It is the stuff of cheap Las Vegas acts, anti-smoking or weight loss scams, or bogus self-help books. It is ubiquitous and special, wholly inexplicable and near magical. It requires special words and procedures, engages a unique mental state, and allows one to transcend human nature itself. A heady resume for a process that does not exist.

Franz Mesmer invented it, though magnetism was  his thing. An 18th century charlatan, Mesmer  convinced a gullible  public that the newly discovered magnetic force was just the thing to cure whatever ails you. Just pass yourself under a powerful magnet, and a harmonious 'fluid flow' would be achieved, hence removing the 'obstacles' that caused disease. Funny thing though, many of his patients actually found their symptoms alleviated, and more than a few thought themselves cured. Since diseases tend to run their course, treatment or no treatment, and since illnesses tend to get worse if we ruminate about them, it was no surprise that the  resulting placebo effect would be interpreted as representing something much more profound. If Mesmer was known for the placebo effect, his inadvertent contribution to medical knowledge would be much more obscure. However, he included one more element that added his name to the lexicon, and a procedure and process that has retained its credibility to this day.

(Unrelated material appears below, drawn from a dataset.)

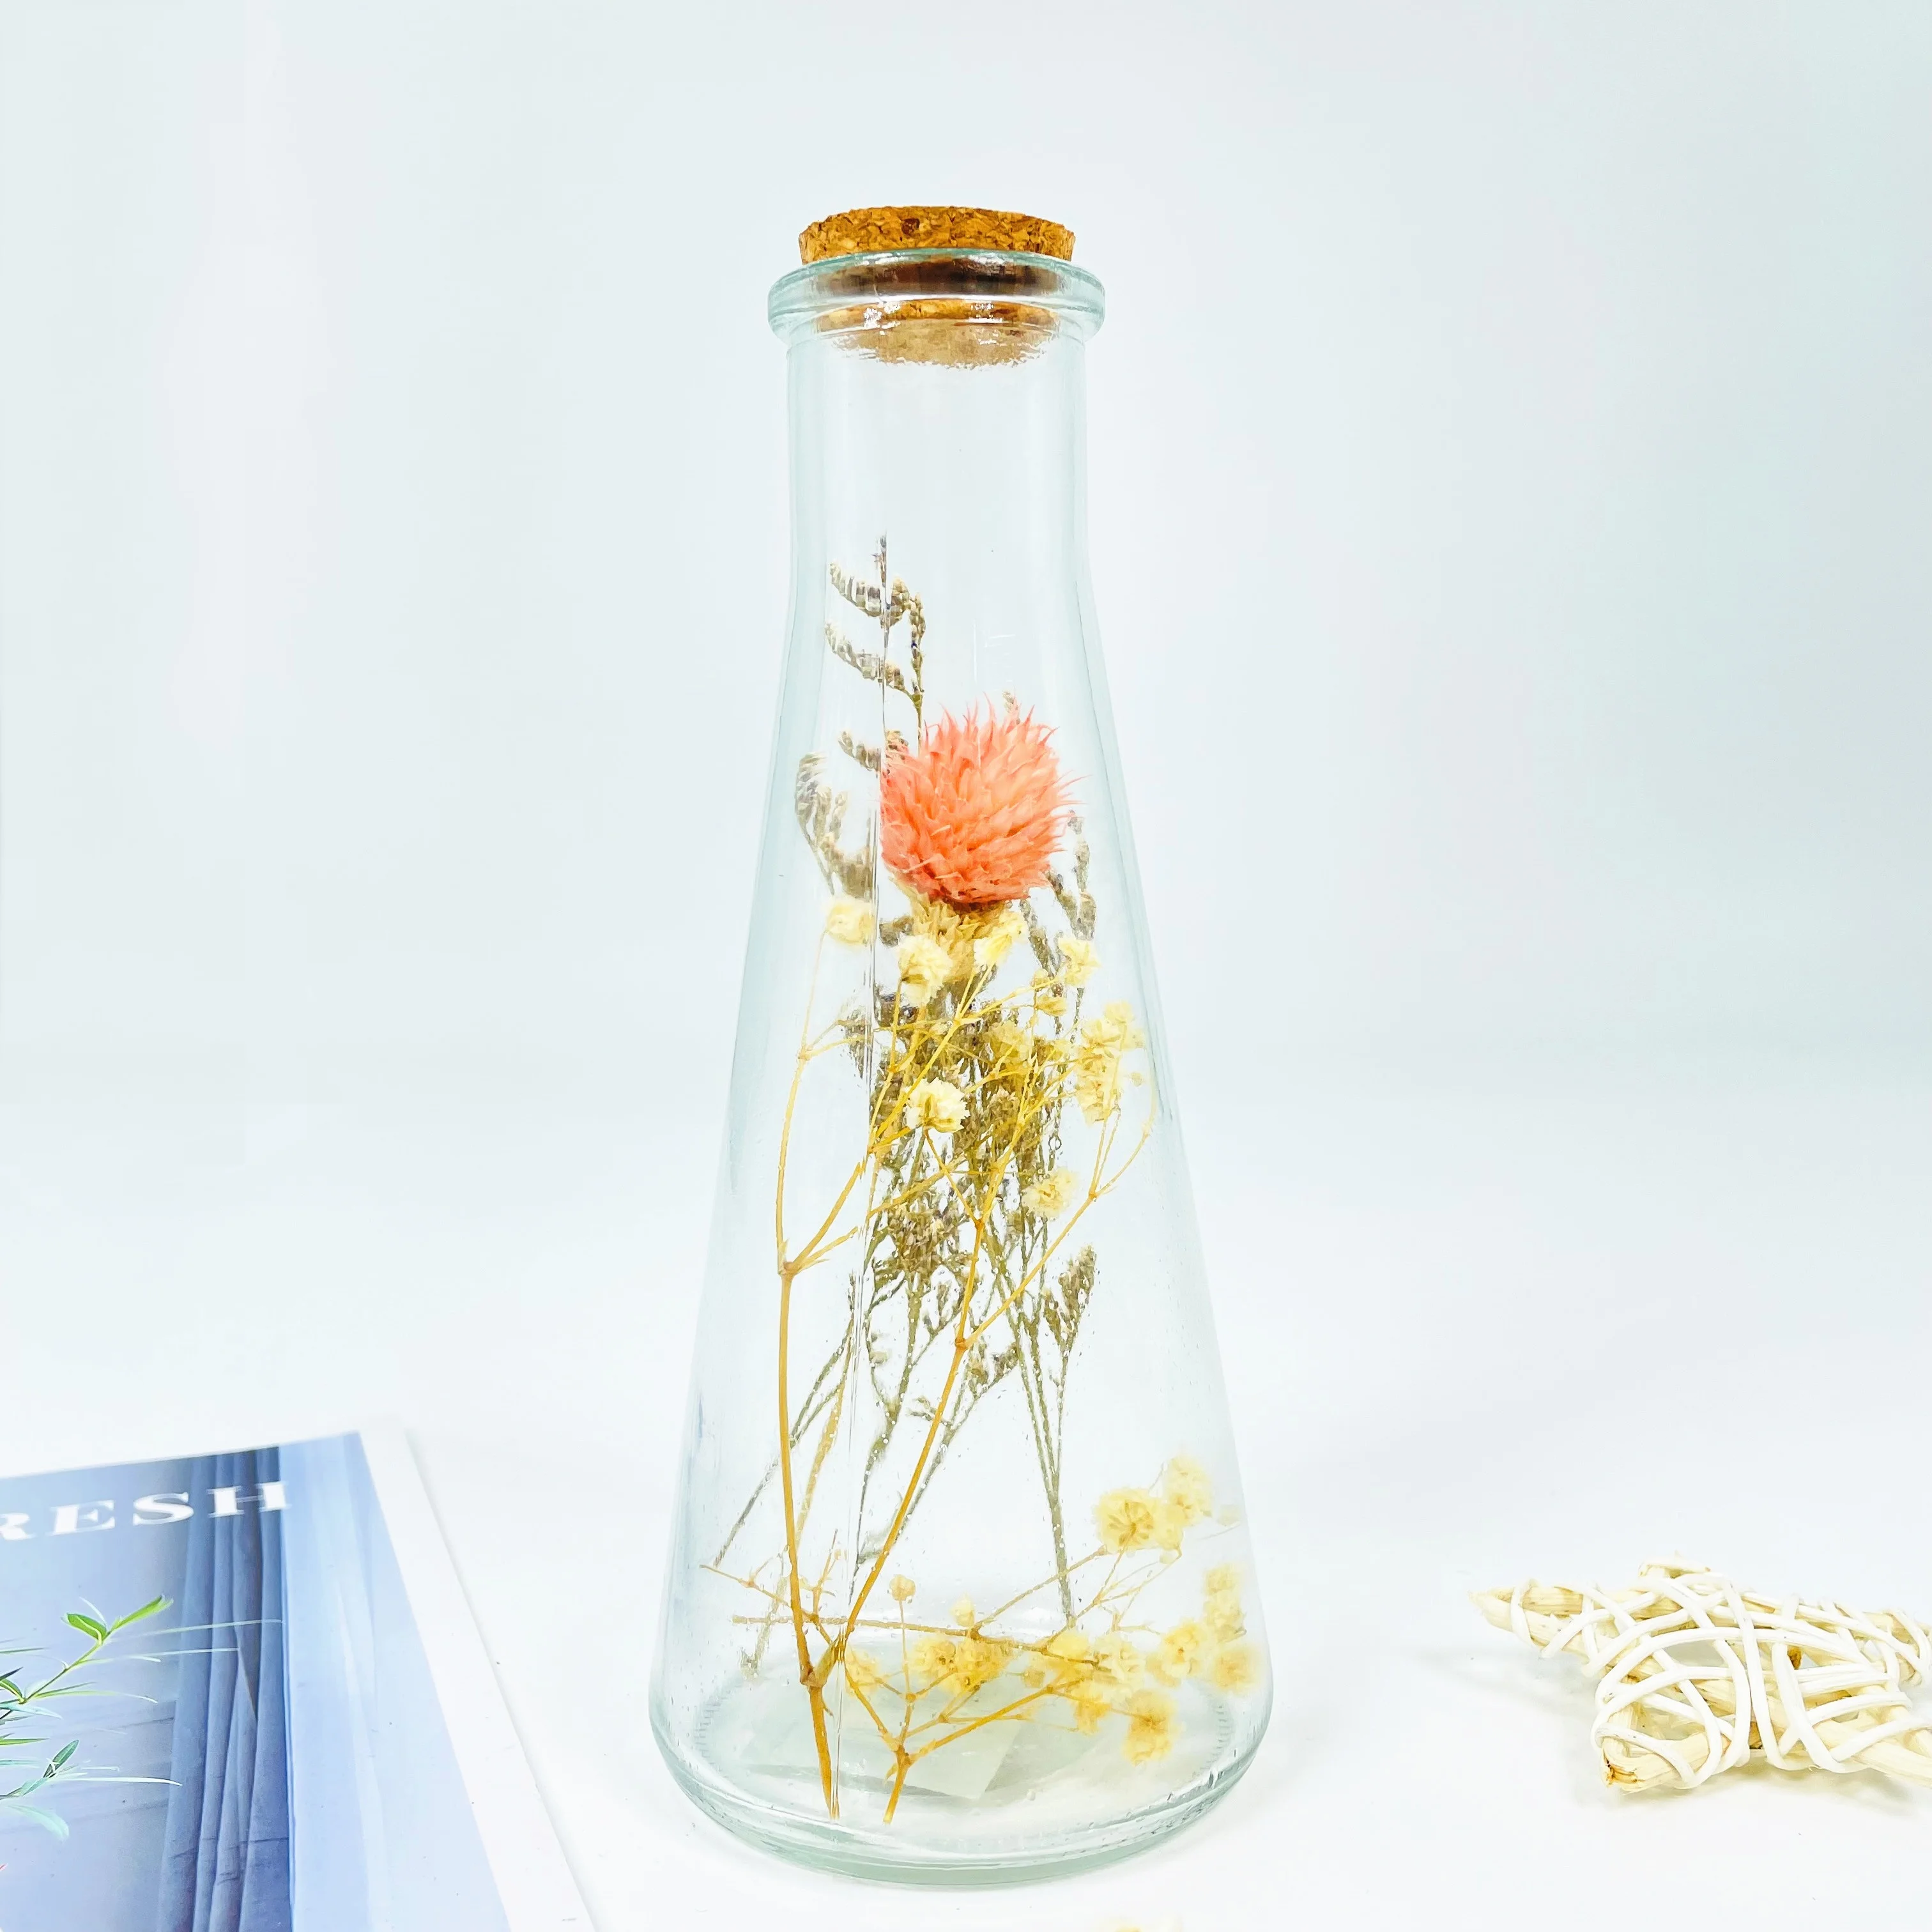 hotsale Transparent Decoration Vase Bottle Unique Glass home decoration with dried flower for tabletop decoration

To be mesmerized, or in more modern terms, 'hypnotized', was an integral part of Mesmer's therapeutic procedure. As an adjunct to the devices (which included magnets and even a glass harmonica!) that helped to achieve the right fluid flow, a trance state purged the obstacles causing the impairment of disease. The delirium and convulsions followed Mesmer's artful suggestions, resulting finally in a relieved patient and a practitioner bowing to applause. This made for great theater, as Mesmer and his patients unknowingly became the precursor to every hypnotic act, both stage and therapeutic to follow.



...before Dr. Phil, there was Mesmer



The postulation of a hypnotic state follows the fact that given the right setting, people can do some remarkable things that cannot be accounted for by the normal mental processes that we believe have governance over our behavior. Indeed, without the novelty and mystery it would scarely be a process at all. Give a suggestion to a family member to mow the lawn, and whether they listen to you or not, it's no great shakes. However, if out of frustration you told some loved ones to jump in the lake or play in traffic, it would be a remarkable thing if they took you up on the offer. Of course, incongruity is relative, as your kin may have their own reasons. But hypnosis is more than a mysterious process that produces mysterious behaviors. Hypnosis also includes a set of procedures that induce it, and a unique mental or 'trance' state that opens the mind to suggestions. But is a trance state necessary for suggestion to take place or be more effective?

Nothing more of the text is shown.